> **Task to carry out**:
Please write out each entry below exactly as it appears.

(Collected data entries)
=======
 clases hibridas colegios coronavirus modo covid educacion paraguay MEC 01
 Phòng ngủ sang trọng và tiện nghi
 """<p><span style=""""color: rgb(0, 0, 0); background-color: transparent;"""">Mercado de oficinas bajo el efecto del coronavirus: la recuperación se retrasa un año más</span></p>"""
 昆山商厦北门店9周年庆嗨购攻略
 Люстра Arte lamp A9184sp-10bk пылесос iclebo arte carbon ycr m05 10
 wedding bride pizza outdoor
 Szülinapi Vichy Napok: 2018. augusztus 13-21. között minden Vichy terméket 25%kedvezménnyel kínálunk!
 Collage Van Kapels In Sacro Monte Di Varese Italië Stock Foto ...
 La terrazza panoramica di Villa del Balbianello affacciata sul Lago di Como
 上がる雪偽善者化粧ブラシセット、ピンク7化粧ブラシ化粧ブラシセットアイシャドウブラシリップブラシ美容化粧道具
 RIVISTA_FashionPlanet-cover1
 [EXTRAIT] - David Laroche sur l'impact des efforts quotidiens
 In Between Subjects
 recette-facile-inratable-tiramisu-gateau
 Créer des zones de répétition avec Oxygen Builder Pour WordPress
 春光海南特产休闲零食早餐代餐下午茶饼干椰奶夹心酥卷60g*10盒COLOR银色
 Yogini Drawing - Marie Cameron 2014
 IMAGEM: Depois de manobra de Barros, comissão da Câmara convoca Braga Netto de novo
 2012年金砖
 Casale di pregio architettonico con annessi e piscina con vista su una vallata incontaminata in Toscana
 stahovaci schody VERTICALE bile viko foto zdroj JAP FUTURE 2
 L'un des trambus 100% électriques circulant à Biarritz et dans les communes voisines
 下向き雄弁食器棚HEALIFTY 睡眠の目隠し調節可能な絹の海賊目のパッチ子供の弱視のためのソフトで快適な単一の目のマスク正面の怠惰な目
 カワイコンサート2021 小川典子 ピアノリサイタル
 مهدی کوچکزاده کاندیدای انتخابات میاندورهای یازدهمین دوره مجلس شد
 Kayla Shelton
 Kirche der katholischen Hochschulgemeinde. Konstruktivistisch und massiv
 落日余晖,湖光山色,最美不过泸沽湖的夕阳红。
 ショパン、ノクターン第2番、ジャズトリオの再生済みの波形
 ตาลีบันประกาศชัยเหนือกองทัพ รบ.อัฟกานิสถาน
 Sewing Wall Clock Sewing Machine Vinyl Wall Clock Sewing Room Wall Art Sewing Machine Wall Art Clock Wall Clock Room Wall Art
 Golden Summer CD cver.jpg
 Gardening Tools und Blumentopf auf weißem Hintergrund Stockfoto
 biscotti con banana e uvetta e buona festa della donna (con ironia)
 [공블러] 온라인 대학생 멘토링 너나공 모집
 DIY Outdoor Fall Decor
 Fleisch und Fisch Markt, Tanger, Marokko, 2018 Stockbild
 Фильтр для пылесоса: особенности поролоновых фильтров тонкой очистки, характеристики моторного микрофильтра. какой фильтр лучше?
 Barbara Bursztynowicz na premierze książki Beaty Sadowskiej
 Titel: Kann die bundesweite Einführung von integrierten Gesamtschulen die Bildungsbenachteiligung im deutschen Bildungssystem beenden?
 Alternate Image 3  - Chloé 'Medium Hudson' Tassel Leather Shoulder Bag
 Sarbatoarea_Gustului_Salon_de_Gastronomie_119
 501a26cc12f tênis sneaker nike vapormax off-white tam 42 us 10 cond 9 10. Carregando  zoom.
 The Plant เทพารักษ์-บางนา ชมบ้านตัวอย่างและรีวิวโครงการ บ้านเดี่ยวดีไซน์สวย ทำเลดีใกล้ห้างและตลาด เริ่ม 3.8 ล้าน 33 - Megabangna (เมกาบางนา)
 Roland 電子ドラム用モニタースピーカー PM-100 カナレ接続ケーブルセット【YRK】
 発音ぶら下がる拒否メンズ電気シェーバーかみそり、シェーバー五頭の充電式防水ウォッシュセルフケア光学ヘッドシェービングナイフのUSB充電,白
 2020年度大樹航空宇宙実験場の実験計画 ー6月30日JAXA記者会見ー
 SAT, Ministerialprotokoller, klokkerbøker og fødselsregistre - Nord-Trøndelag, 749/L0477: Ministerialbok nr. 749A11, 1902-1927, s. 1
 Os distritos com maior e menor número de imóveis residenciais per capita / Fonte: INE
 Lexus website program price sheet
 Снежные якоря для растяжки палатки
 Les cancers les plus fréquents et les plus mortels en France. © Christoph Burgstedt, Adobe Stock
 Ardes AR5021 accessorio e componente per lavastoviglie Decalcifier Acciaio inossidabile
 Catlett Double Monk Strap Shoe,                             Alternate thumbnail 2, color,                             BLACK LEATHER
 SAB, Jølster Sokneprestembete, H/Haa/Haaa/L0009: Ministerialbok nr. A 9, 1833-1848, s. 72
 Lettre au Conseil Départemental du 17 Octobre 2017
=======
> **Finished task**:
 clases hibridas colegios coronavirus modo covid educacion paraguay MEC 01
 Phòng ngủ sang trọng và tiện nghi
 """<p><span style=""""color: rgb(0, 0, 0); background-color: transparent;"""">Mercado de oficinas bajo el efecto del coronavirus: la recuperación se retrasa un año más</span></p>"""
 昆山商厦北门店9周年庆嗨购攻略
 Люстра Arte lamp A9184sp-10bk пылесос iclebo arte carbon ycr m05 10
 wedding bride pizza outdoor
 Szülinapi Vichy Napok: 2018. augusztus 13-21. között minden Vichy terméket 25%kedvezménnyel kínálunk!
 Collage Van Kapels In Sacro Monte Di Varese Italië Stock Foto ...
 La terrazza panoramica di Villa del Balbianello affacciata sul Lago di Como
 上がる雪偽善者化粧ブラシセット、ピンク7化粧ブラシ化粧ブラシセットアイシャドウブラシリップブラシ美容化粧道具
 RIVISTA_FashionPlanet-cover1
 [EXTRAIT] - David Laroche sur l'impact des efforts quotidiens
 In Between Subjects
 recette-facile-inratable-tiramisu-gateau
 Créer des zones de répétition avec Oxygen Builder Pour WordPress
 春光海南特产休闲零食早餐代餐下午茶饼干椰奶夹心酥卷60g*10盒COLOR银色
 Yogini Drawing - Marie Cameron 2014
 IMAGEM: Depois de manobra de Barros, comissão da Câmara convoca Braga Netto de novo
 2012年金砖
 Casale di pregio architettonico con annessi e piscina con vista su una vallata incontaminata in Toscana
 stahovaci schody VERTICALE bile viko foto zdroj JAP FUTURE 2
 L'un des trambus 100% électriques circulant à Biarritz et dans les communes voisines
 下向き雄弁食器棚HEALIFTY 睡眠の目隠し調節可能な絹の海賊目のパッチ子供の弱視のためのソフトで快適な単一の目のマスク正面の怠惰な目
 カワイコンサート2021 小川典子 ピアノリサイタル
 مهدی کوچکزاده کاندیدای انتخابات میاندورهای یازدهمین دوره مجلس شد
 Kayla Shelton
 Kirche der katholischen Hochschulgemeinde. Konstruktivistisch und massiv
 落日余晖,湖光山色,最美不过泸沽湖的夕阳红。
 ショパン、ノクターン第2番、ジャズトリオの再生済みの波形
 ตาลีบันประกาศชัยเหนือกองทัพ รบ.อัฟกานิสถาน
 Sewing Wall Clock Sewing Machine Vinyl Wall Clock Sewing Room Wall Art Sewing Machine Wall Art Clock Wall Clock Room Wall Art
 Golden Summer CD cver.jpg
 Gardening Tools und Blumentopf auf weißem Hintergrund Stockfoto
 biscotti con banana e uvetta e buona festa della donna (con ironia)
 [공블러] 온라인 대학생 멘토링 너나공 모집
 DIY Outdoor Fall Decor
 Fleisch und Fisch Markt, Tanger, Marokko, 2018 Stockbild
 Фильтр для пылесоса: особенности поролоновых фильтров тонкой очистки, характеристики моторного микрофильтра. какой фильтр лучше?
 Barbara Bursztynowicz na premierze książki Beaty Sadowskiej
 Titel: Kann die bundesweite Einführung von integrierten Gesamtschulen die Bildungsbenachteiligung im deutschen Bildungssystem beenden?
 Alternate Image 3  - Chloé 'Medium Hudson' Tassel Leather Shoulder Bag
 Sarbatoarea_Gustului_Salon_de_Gastronomie_119
 501a26cc12f tênis sneaker nike vapormax off-white tam 42 us 10 cond 9 10. Carregando  zoom.
 The Plant เทพารักษ์-บางนา ชมบ้านตัวอย่างและรีวิวโครงการ บ้านเดี่ยวดีไซน์สวย ทำเลดีใกล้ห้างและตลาด เริ่ม 3.8 ล้าน 33 - Megabangna (เมกาบางนา)
 Roland 電子ドラム用モニタースピーカー PM-100 カナレ接続ケーブルセット【YRK】
 発音ぶら下がる拒否メンズ電気シェーバーかみそり、シェーバー五頭の充電式防水ウォッシュセルフケア光学ヘッドシェービングナイフのUSB充電,白
 2020年度大樹航空宇宙実験場の実験計画 ー6月30日JAXA記者会見ー
 SAT, Ministerialprotokoller, klokkerbøker og fødselsregistre - Nord-Trøndelag, 749/L0477: Ministerialbok nr. 749A11, 1902-1927, s. 1
 Os distritos com maior e menor número de imóveis residenciais per capita / Fonte: INE
 Lexus website program price sheet
 Снежные якоря для растяжки палатки
 Les cancers les plus fréquents et les plus mortels en France. © Christoph Burgstedt, Adobe Stock
 Ardes AR5021 accessorio e componente per lavastoviglie Decalcifier Acciaio inossidabile
 Catlett Double Monk Strap Shoe,                             Alternate thumbnail 2, color,                             BLACK LEATHER
 SAB, Jølster Sokneprestembete, H/Haa/Haaa/L0009: Ministerialbok nr. A 9, 1833-1848, s. 72
 Lettre au Conseil Départemental du 17 Octobre 2017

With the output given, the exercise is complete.